**Note:** Make sure that you perform a train/test split before fitting any models so that you can properly measure the performance of the model.

1. Fit a linear regression model predicting the ADHERENCE using the ROUTE_ABBR and ROUTE_DIRECTION_NAME columns. Measure the performance of the model using the R^2 and mean absolute error metrics. Interpret the meaning of each metric.

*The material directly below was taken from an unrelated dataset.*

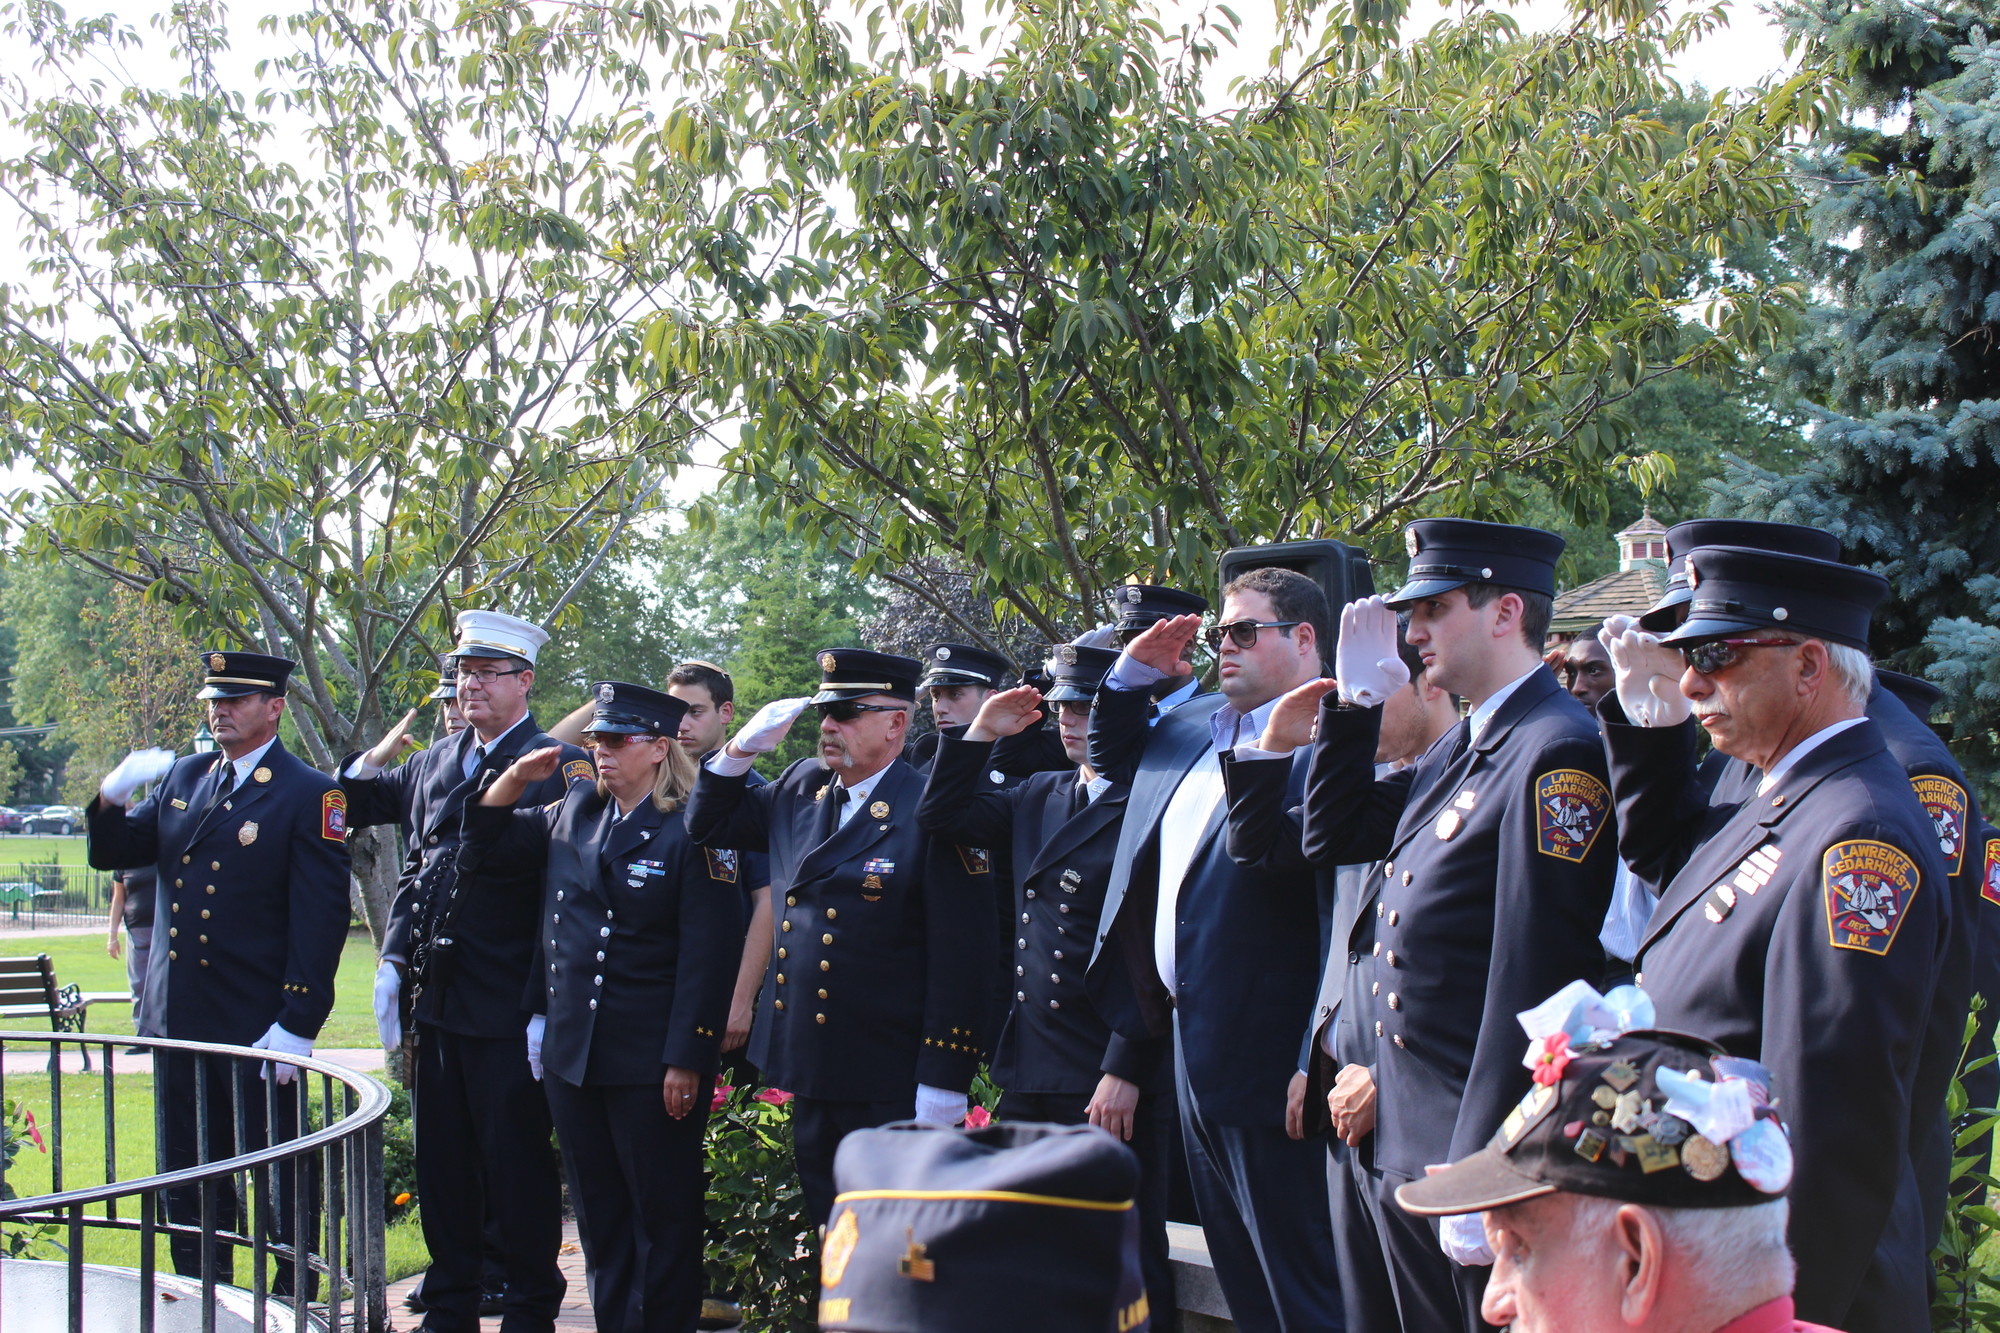 The Lawrence-Cedarhurst Fire Department raised their right hands to salute those who lost their lives on 9/11.

2. Now, try using the ROUTE_ABBR, ROUTE_DIRECTION_NAME, and OPERATOR. Does this improve the model? Warning: Your model may perform very poorly once you add the OPERATOR. If so, this is likely caused because some operators have very few observations. One option to correct this is to assign an "Other" (or -999999) value to operators with few observations. 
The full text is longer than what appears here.